**WORK INSTRUCTION**
Reproduce the whole listing that follows, character for character, and drop the images.

**DATA EXCERPT**
════

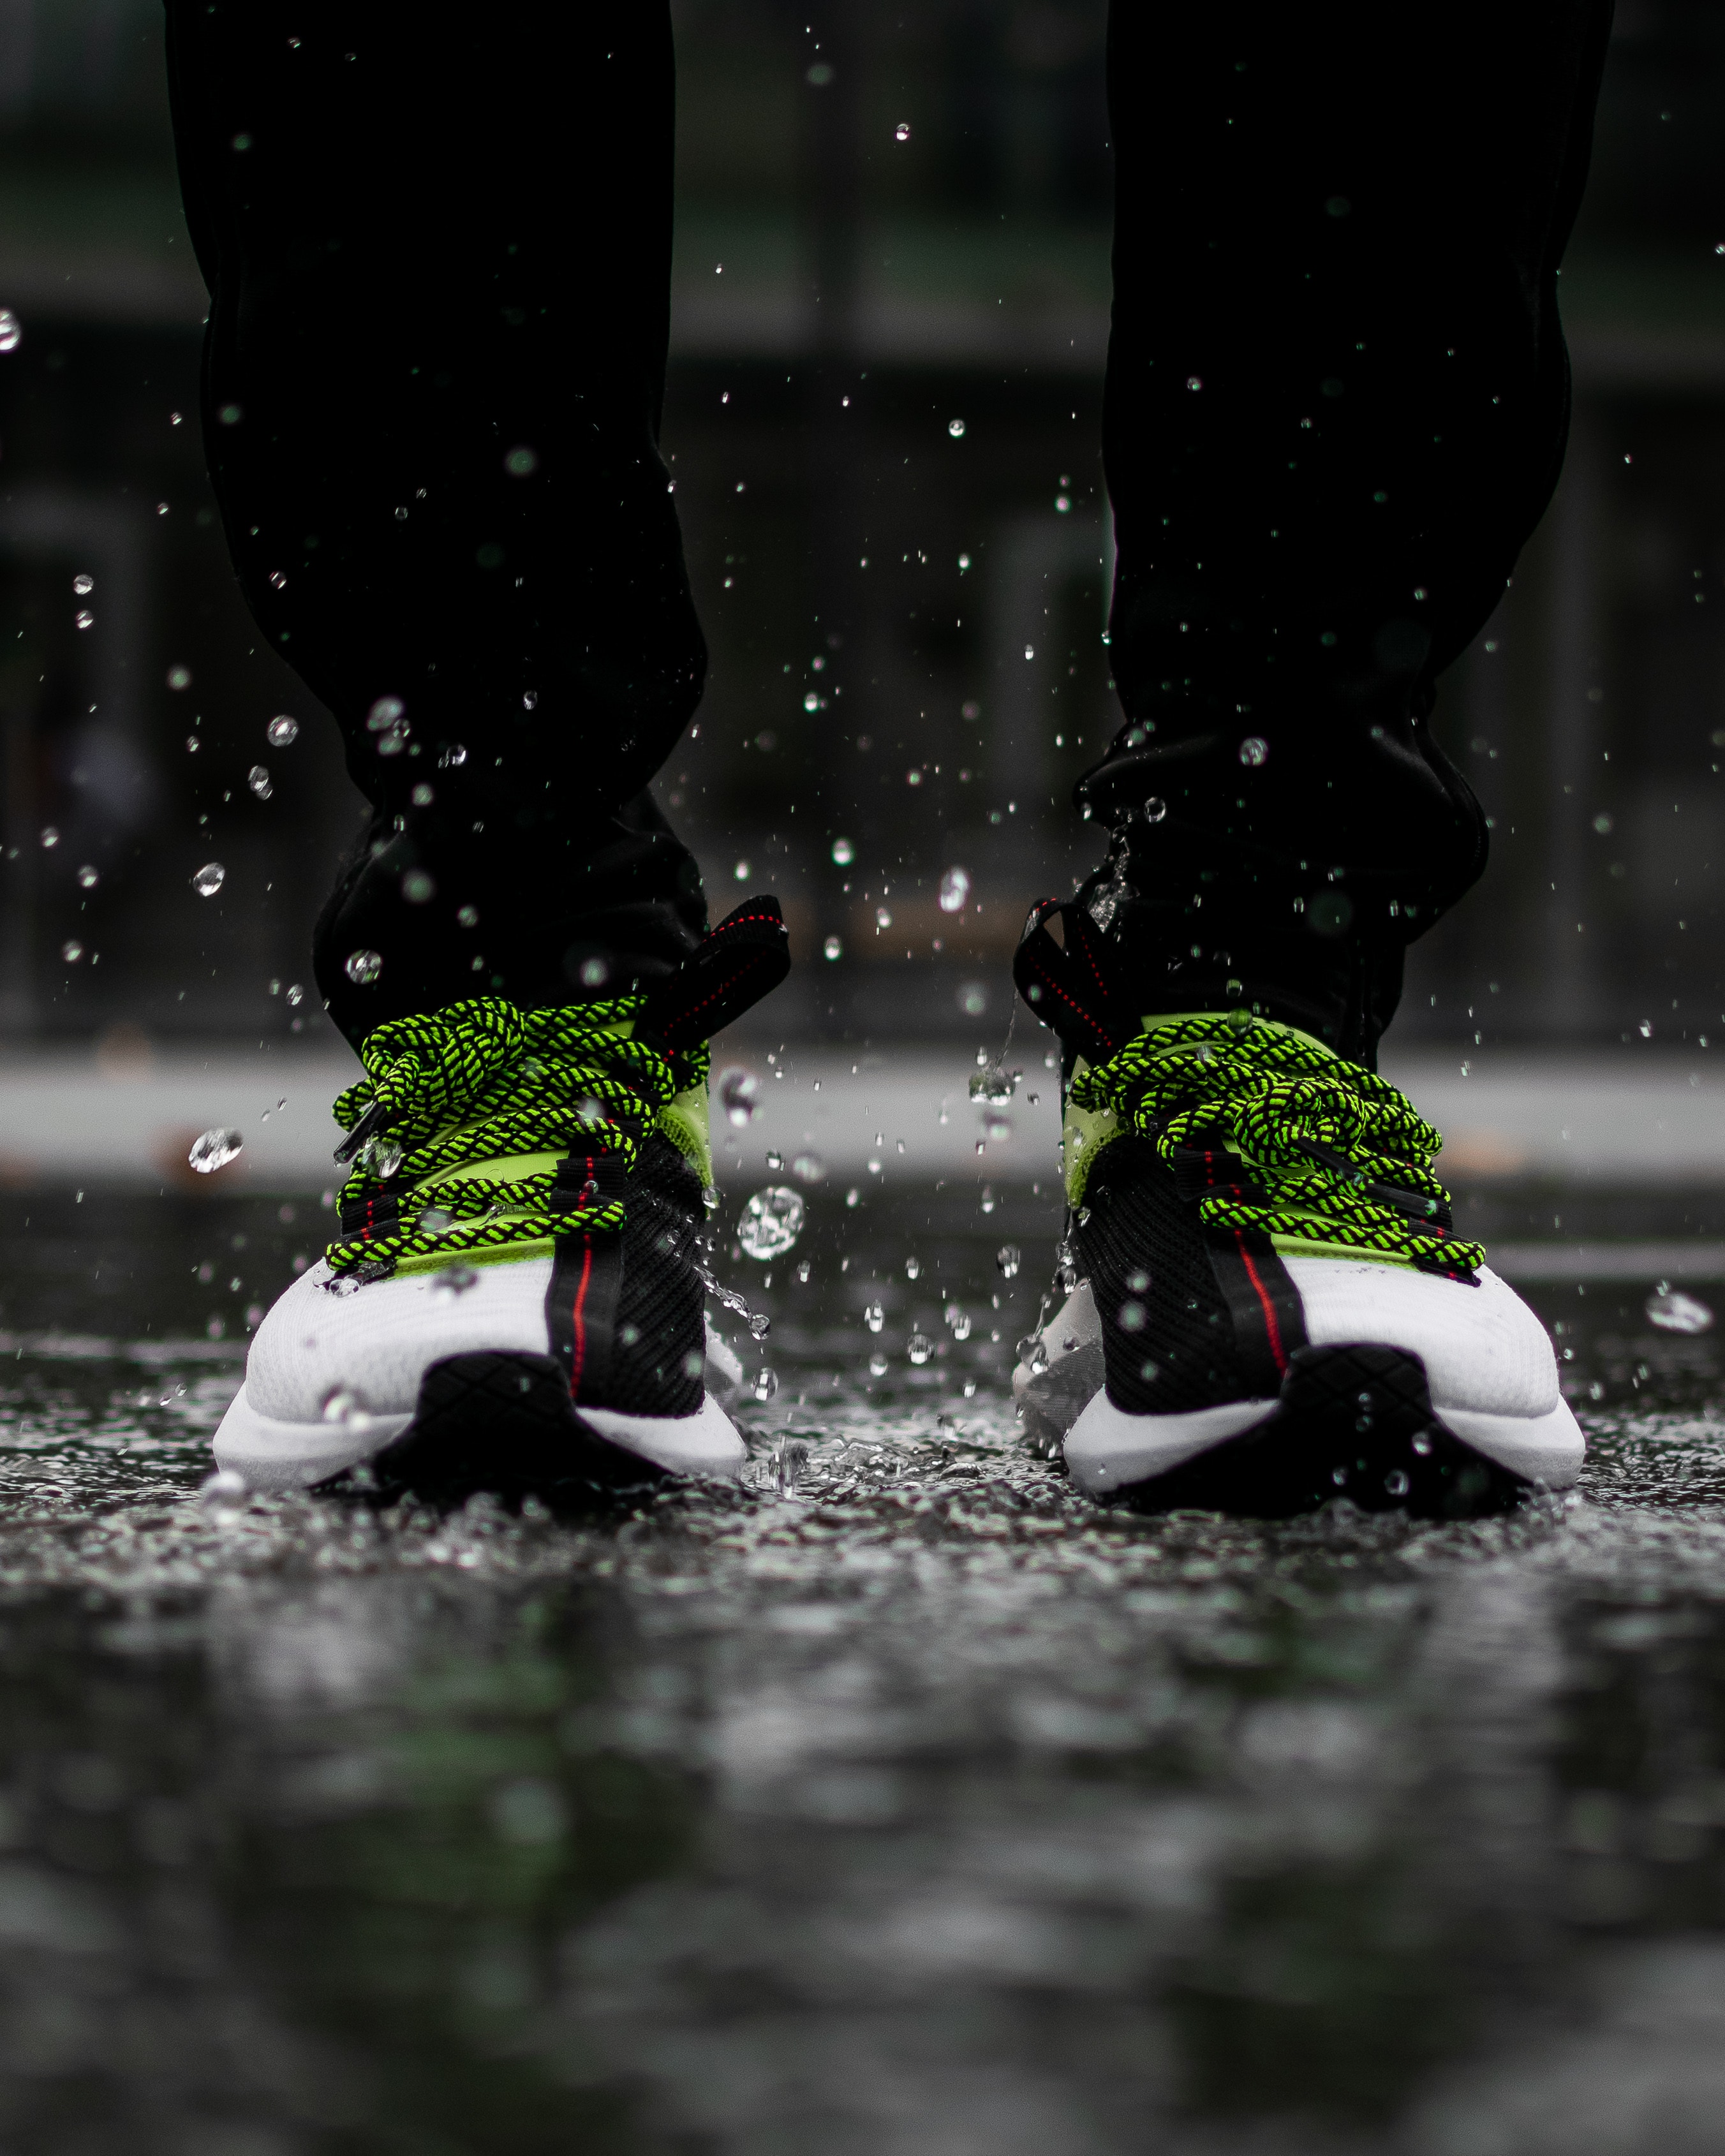 Free HD spray, rain, miscellanea, miscellaneous, legs, sneakers, footwear
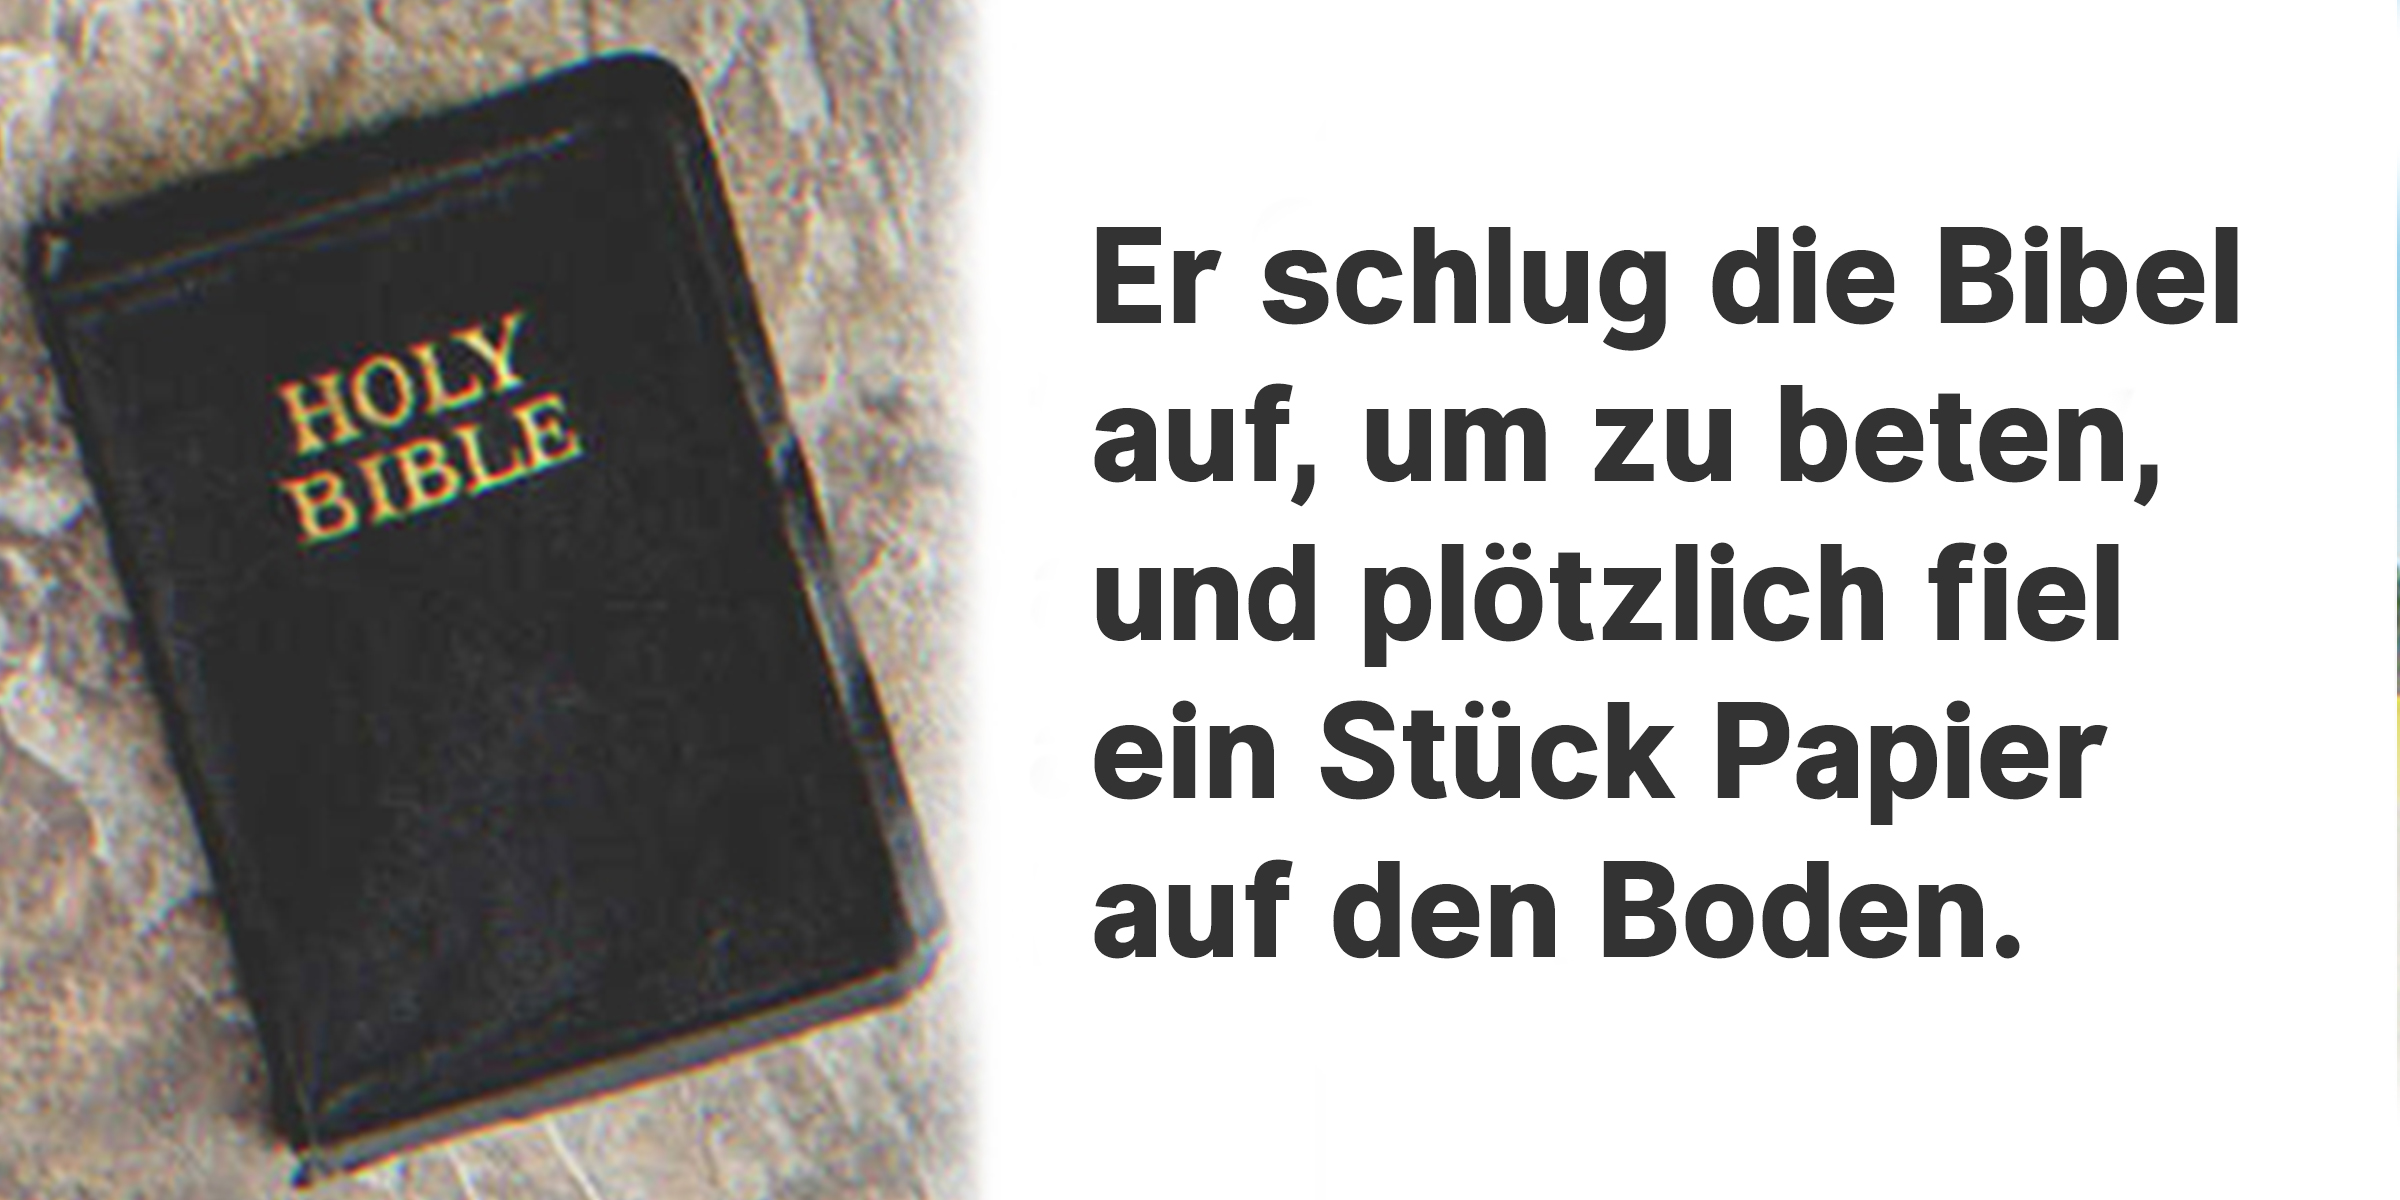 Eine Bibel | Quelle: Shutterstock
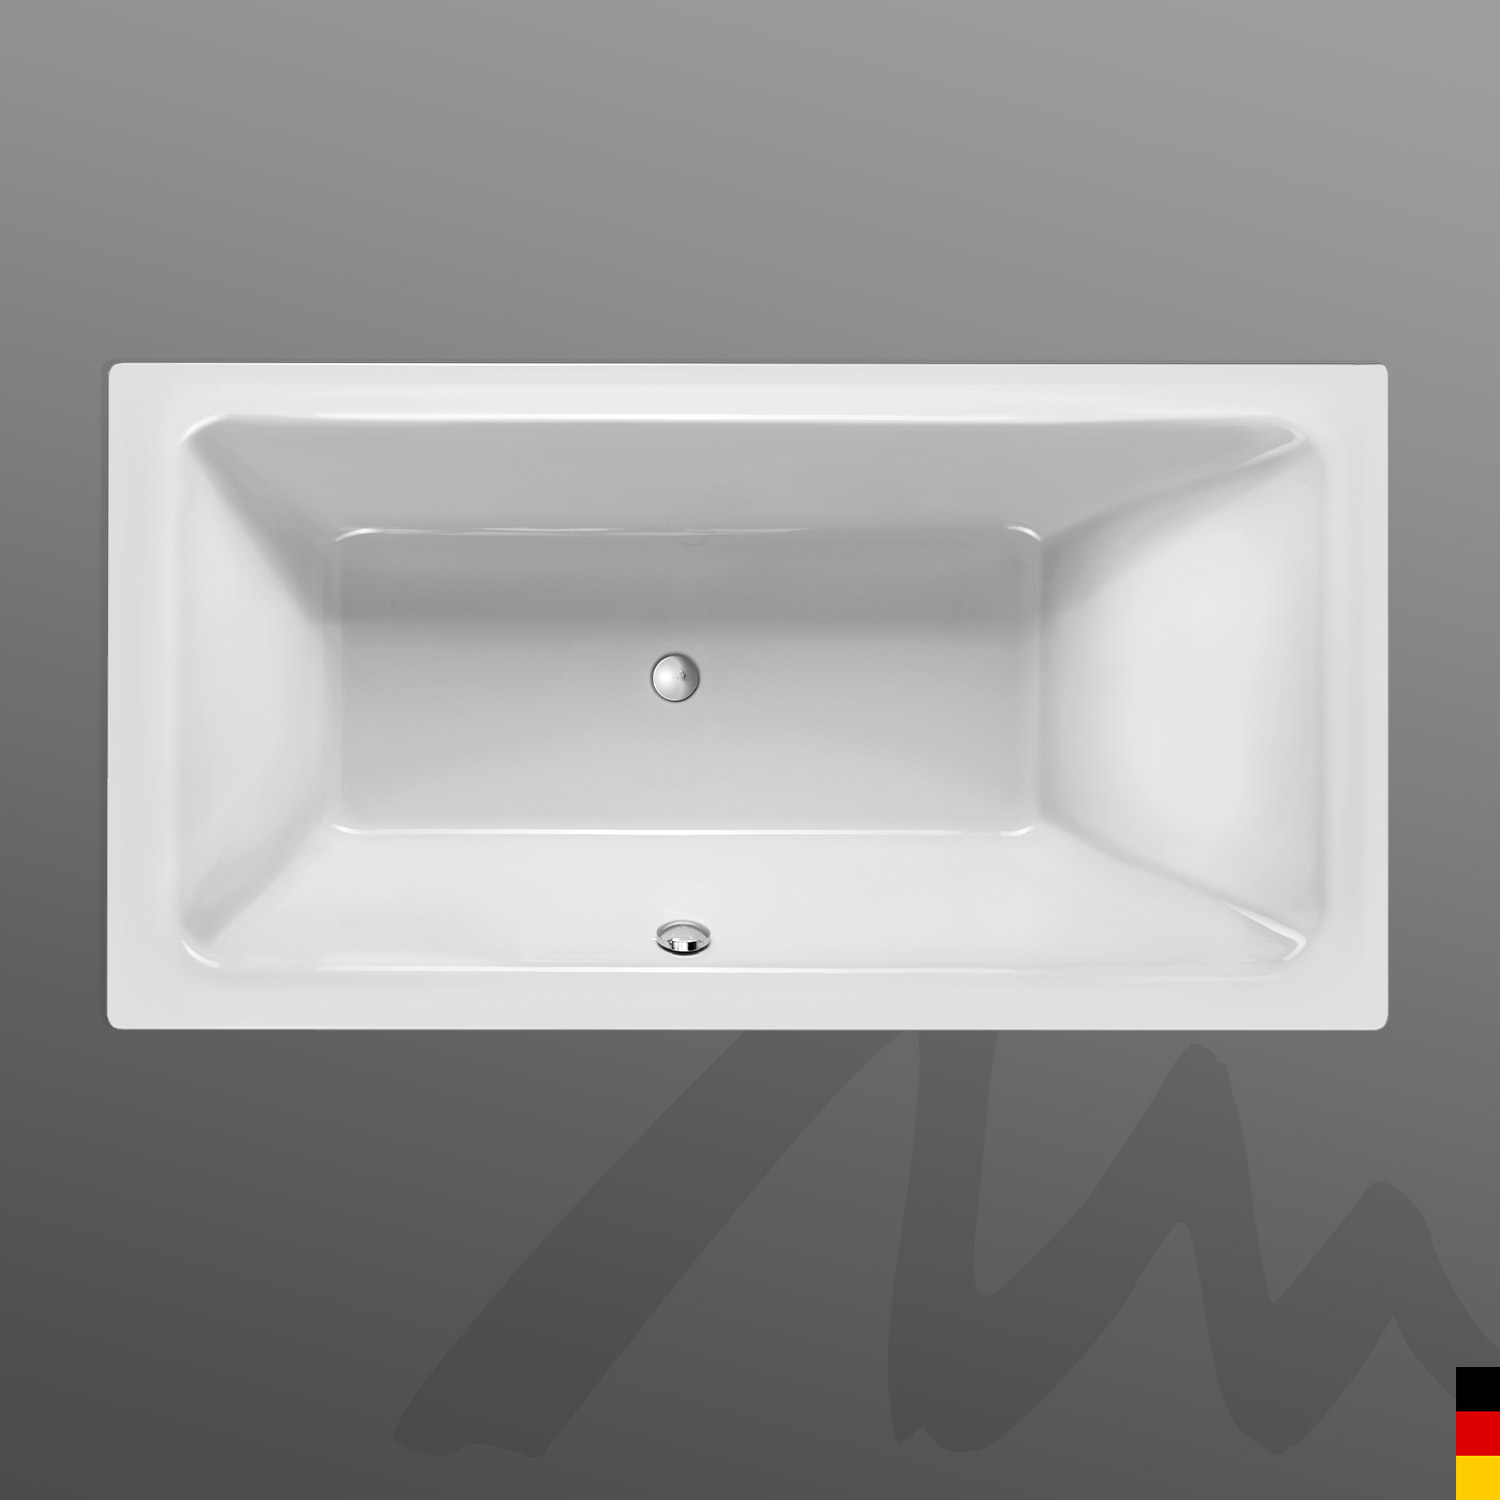 Mauersberger Badewanne Rechteck Convexa 190/100  190x100x45  Farbe:Farbgruppe 2

════

**SOLUTION TO THIS PROBLEM**
 Free HD spray, rain, miscellanea, miscellaneous, legs, sneakers, footwear
 Eine Bibel | Quelle: Shutterstock
 Mauersberger Badewanne Rechteck Convexa 190/100  190x100x45  Farbe:Farbgruppe 2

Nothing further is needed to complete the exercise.